__Data excerpt__
++++++++++
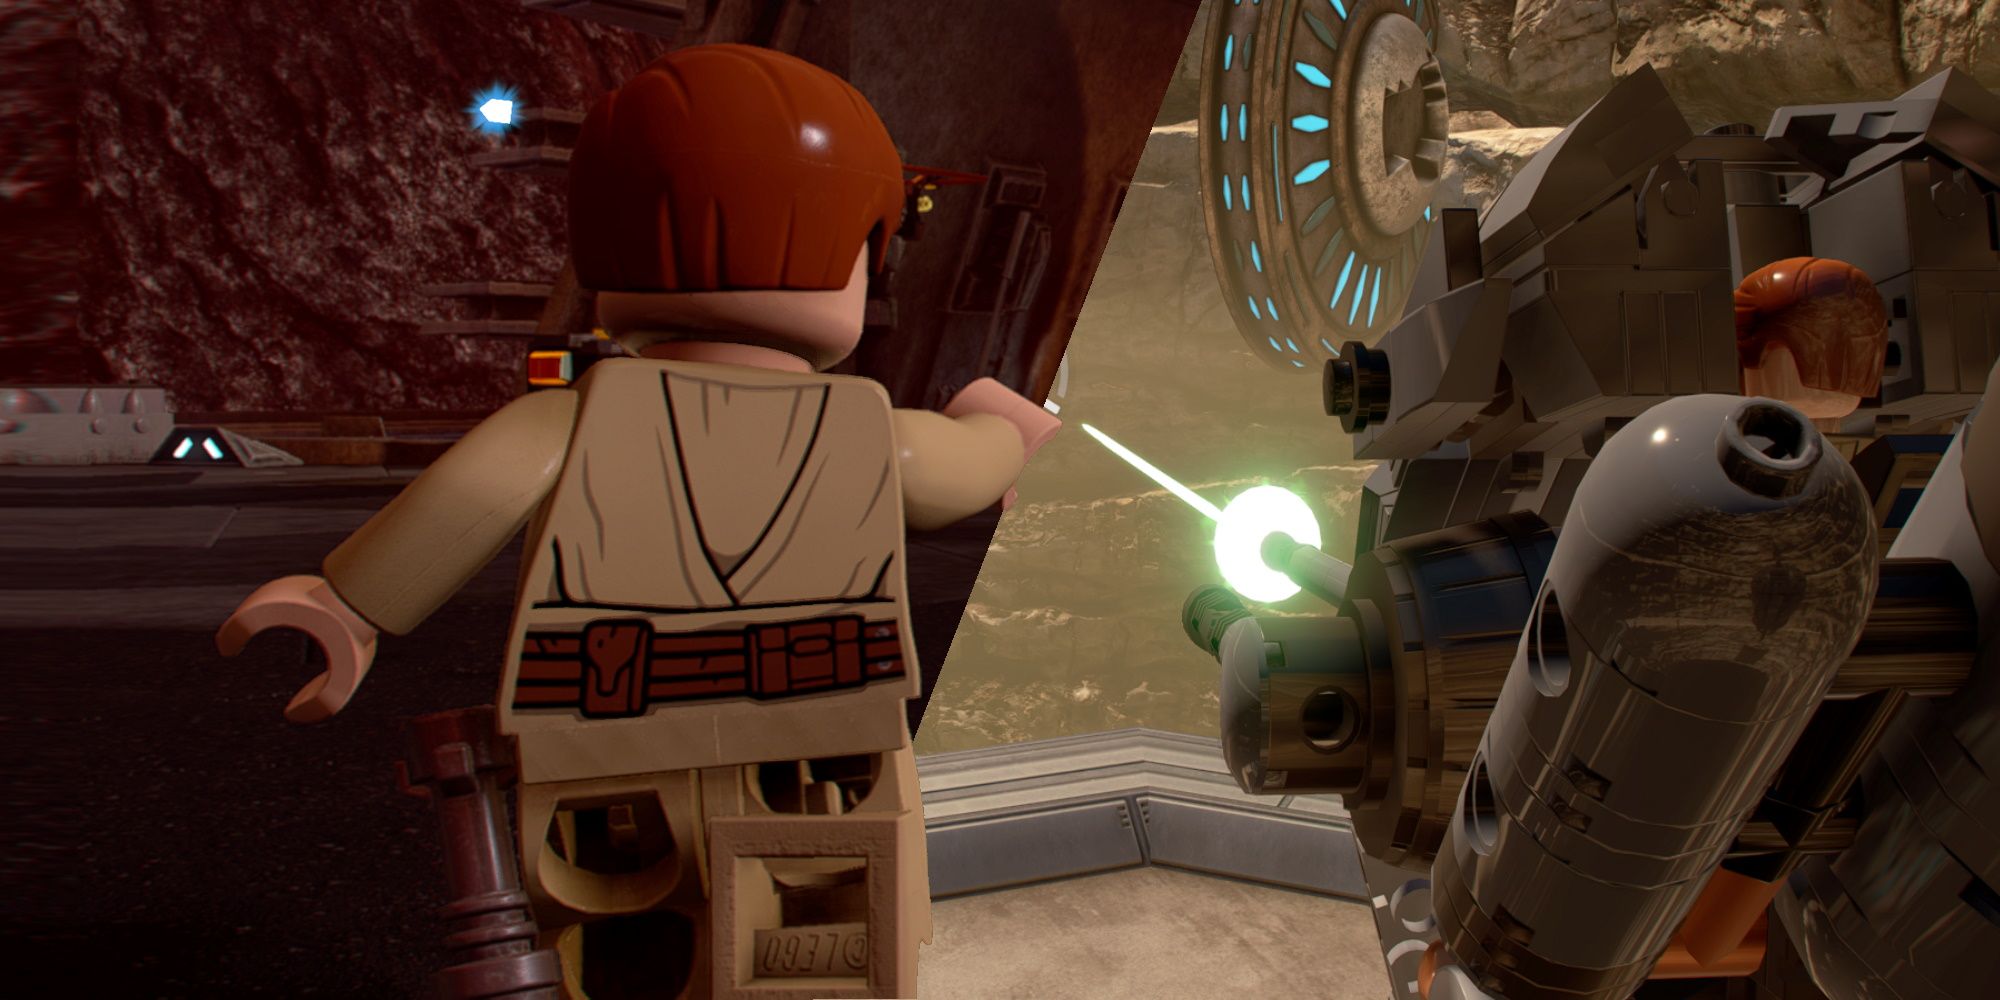 Split image of Obi-Wan using the force and piloting a turret gun
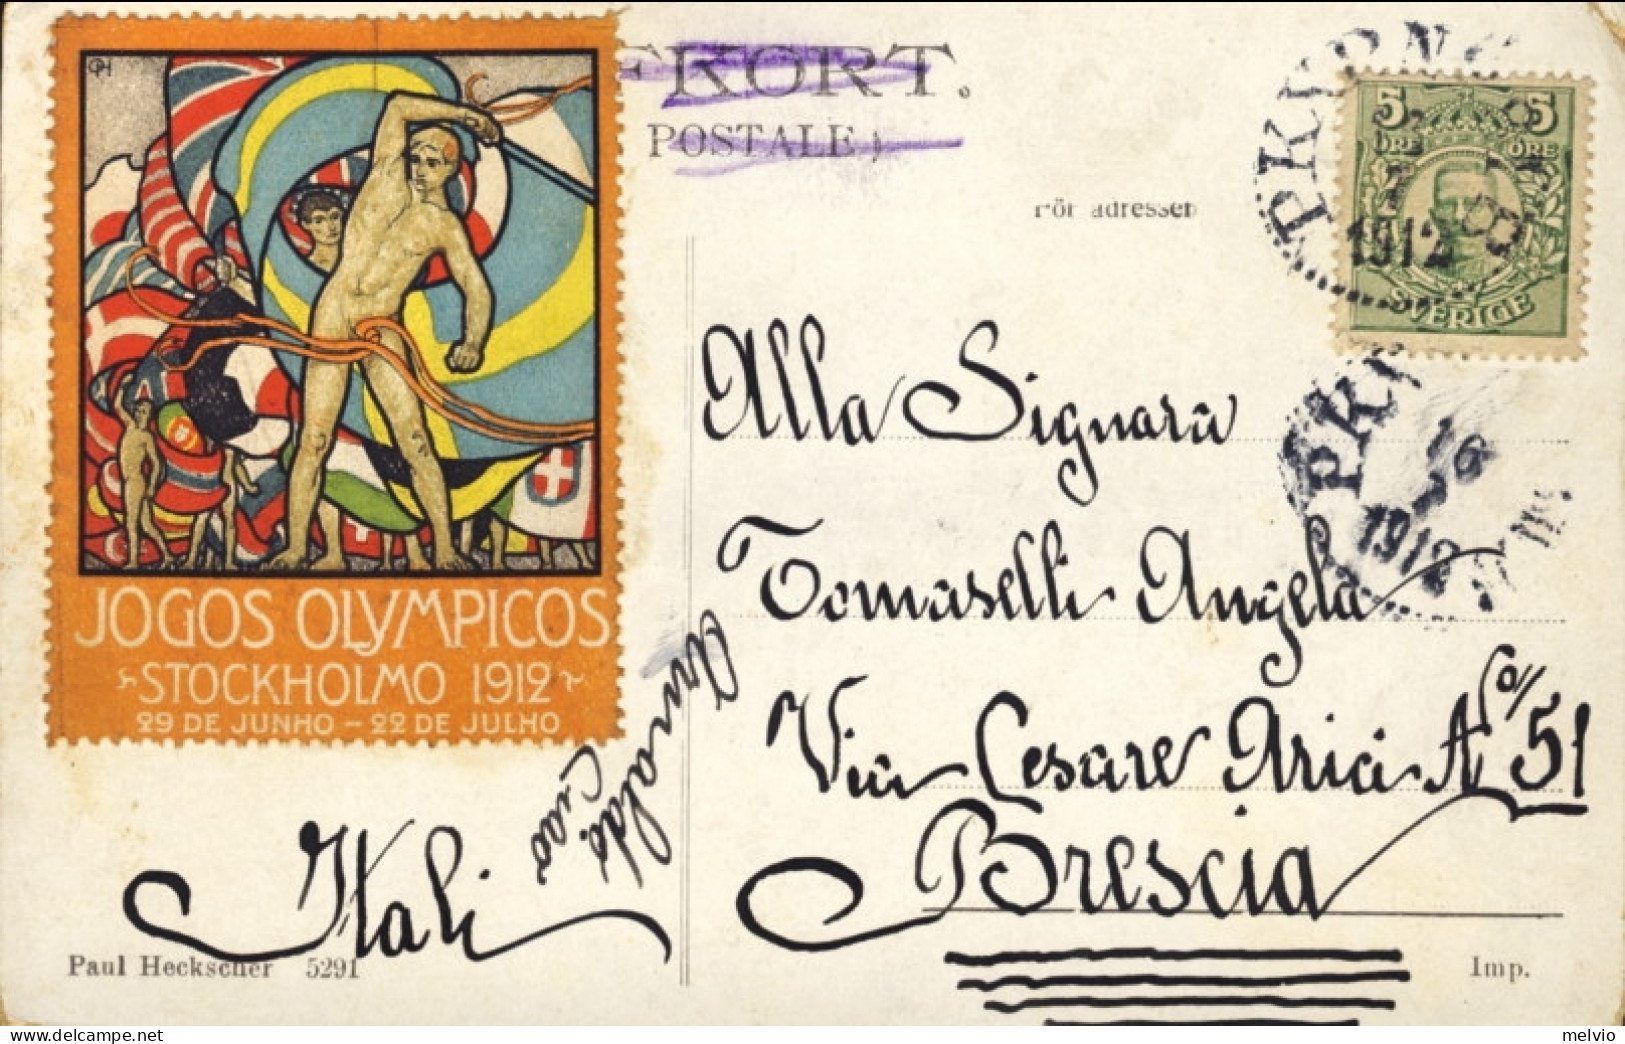 1912-Svezia Stockholm Kongl. Operan Cartolina Diretta A Brescia Con Raro Erinnof - Sweden
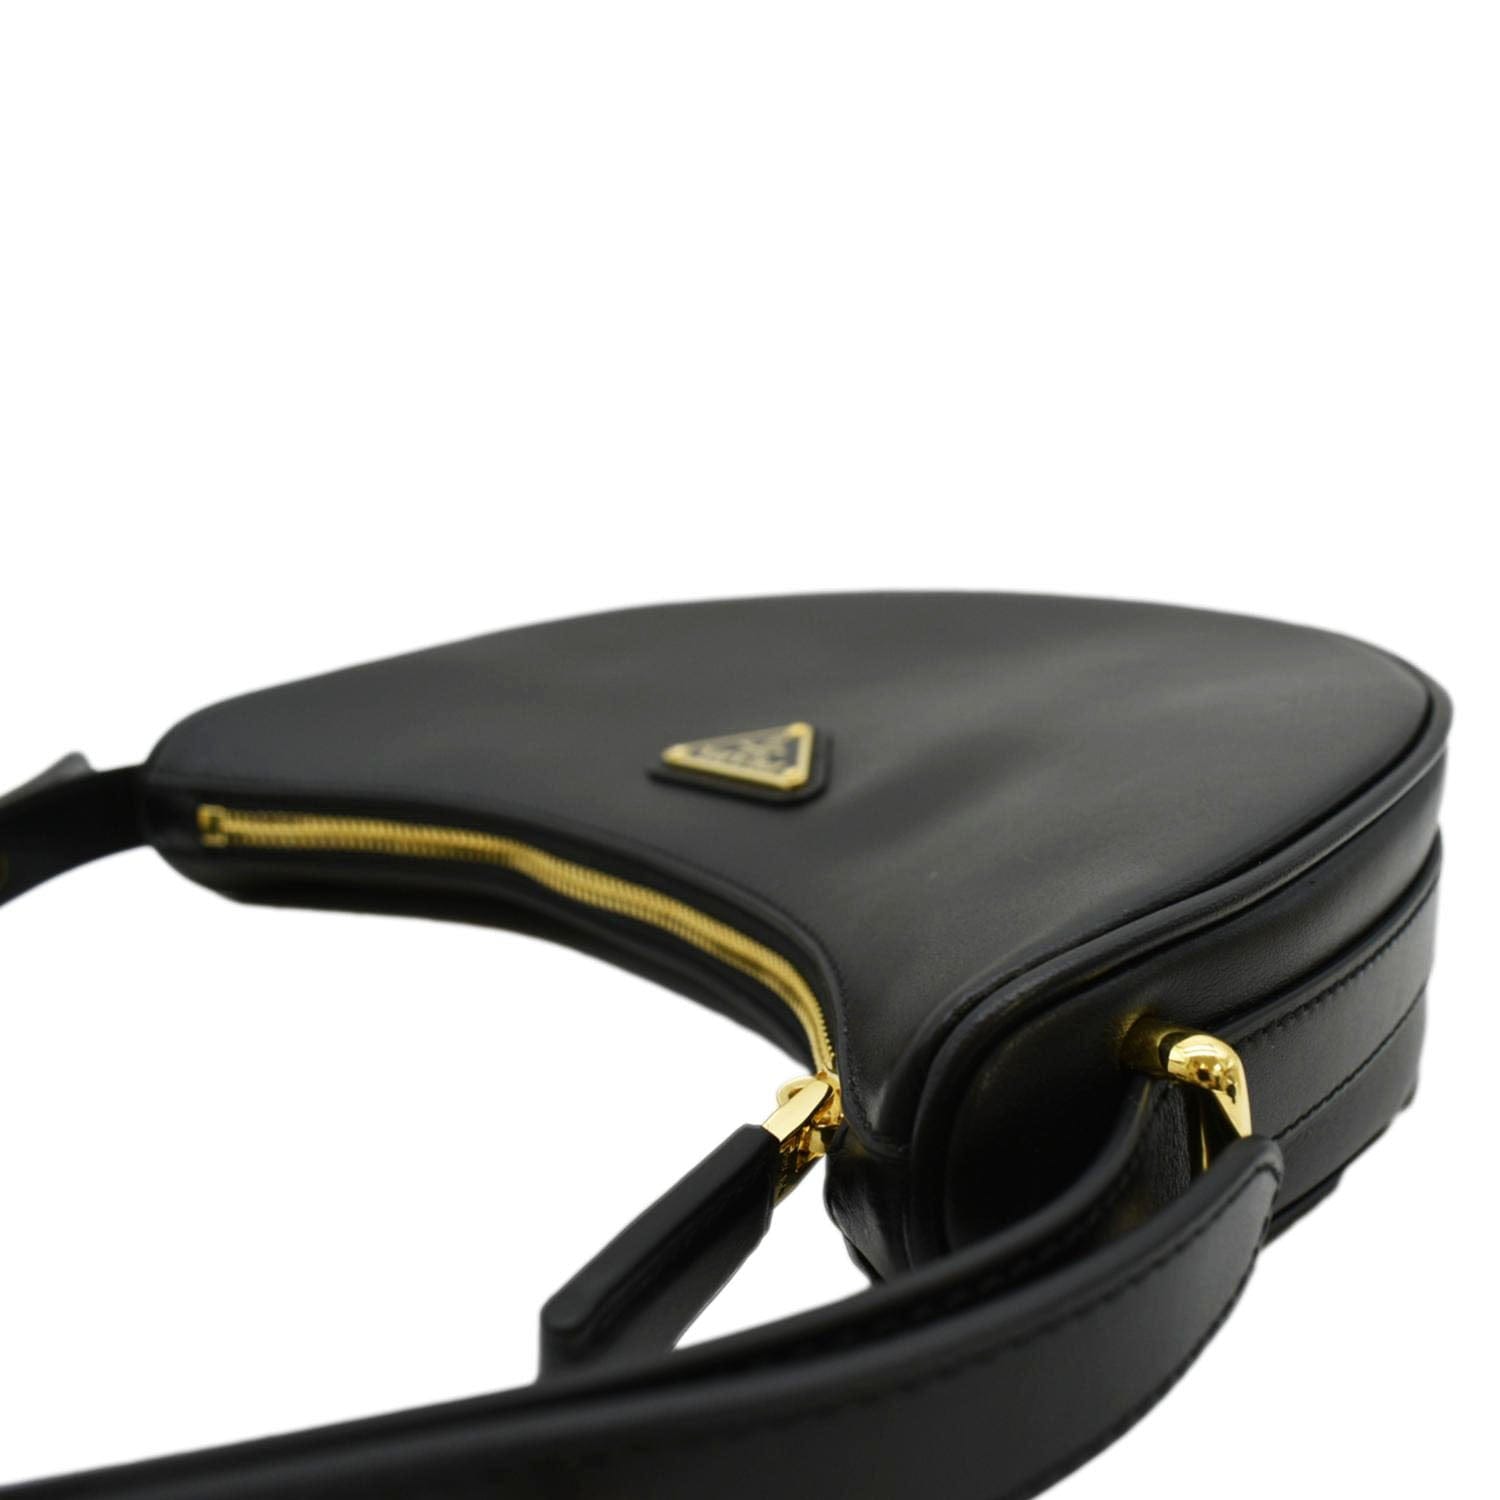 Arque Leather Shoulder Bag in Brown - Prada
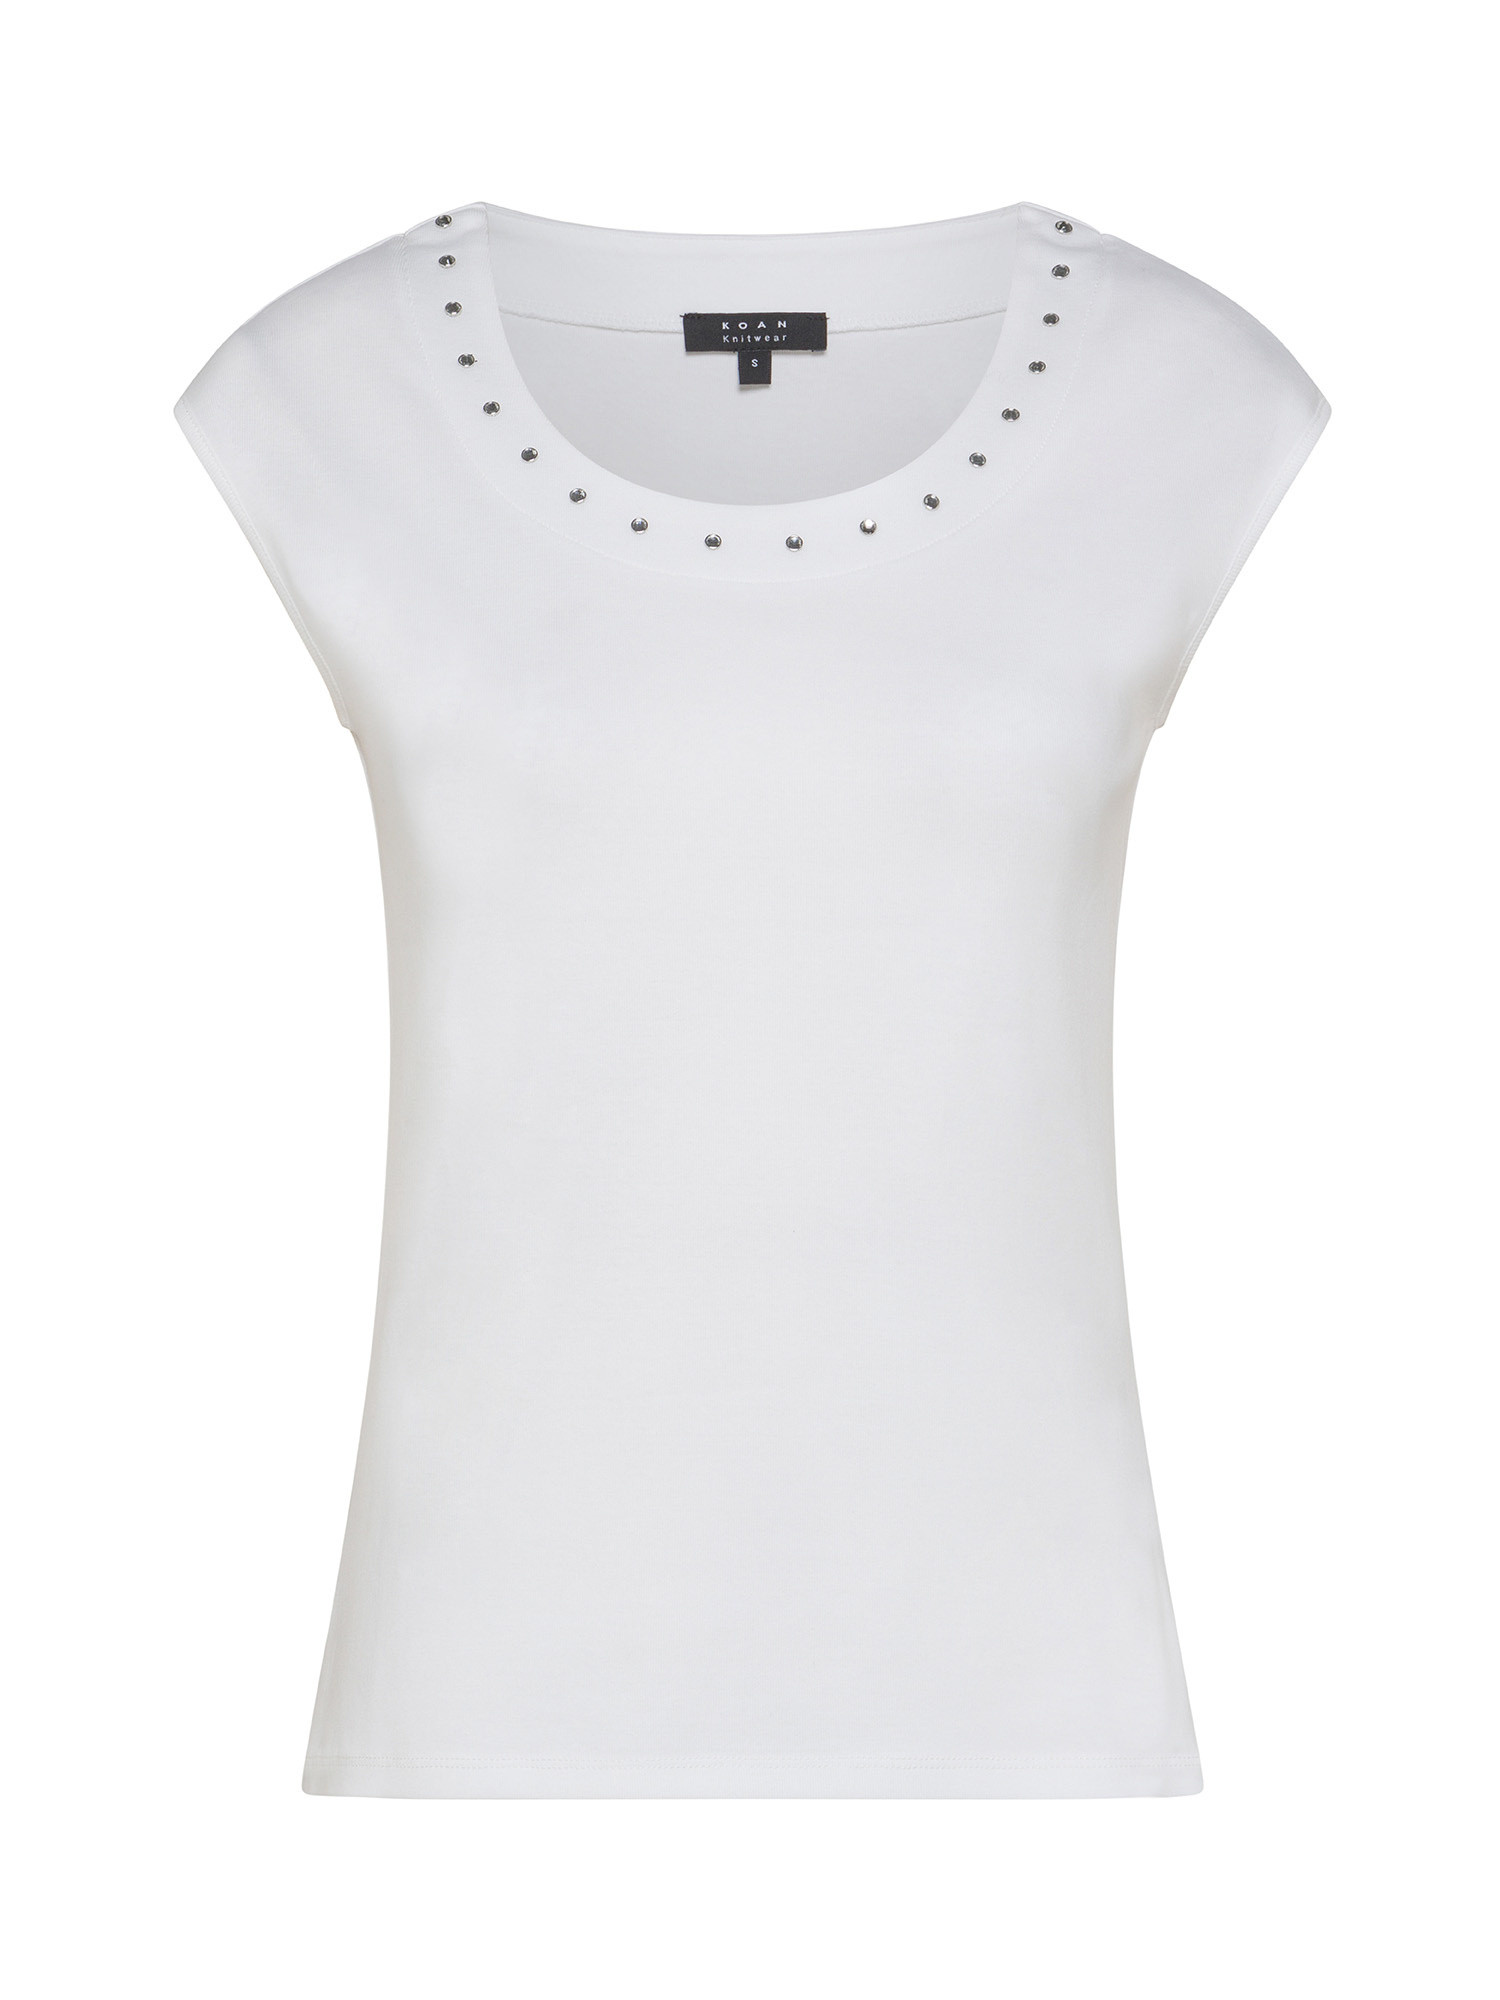 Koan - T-shirt in cotone con borchiette, Bianco, large image number 0
++++++++++
__Work order__
Reproduce the listing in full and exactly, excluding any pictures it holds.

__Answer__
 Split image of Obi-Wan using the force and piloting a turret gun
 1912-Svezia Stockholm Kongl. Operan Cartolina Diretta A Brescia Con Raro Erinnof - Sweden
 Arque Leather Shoulder Bag in Brown - Prada
 Koan - T-shirt in cotone con borchiette, Bianco, large image number 0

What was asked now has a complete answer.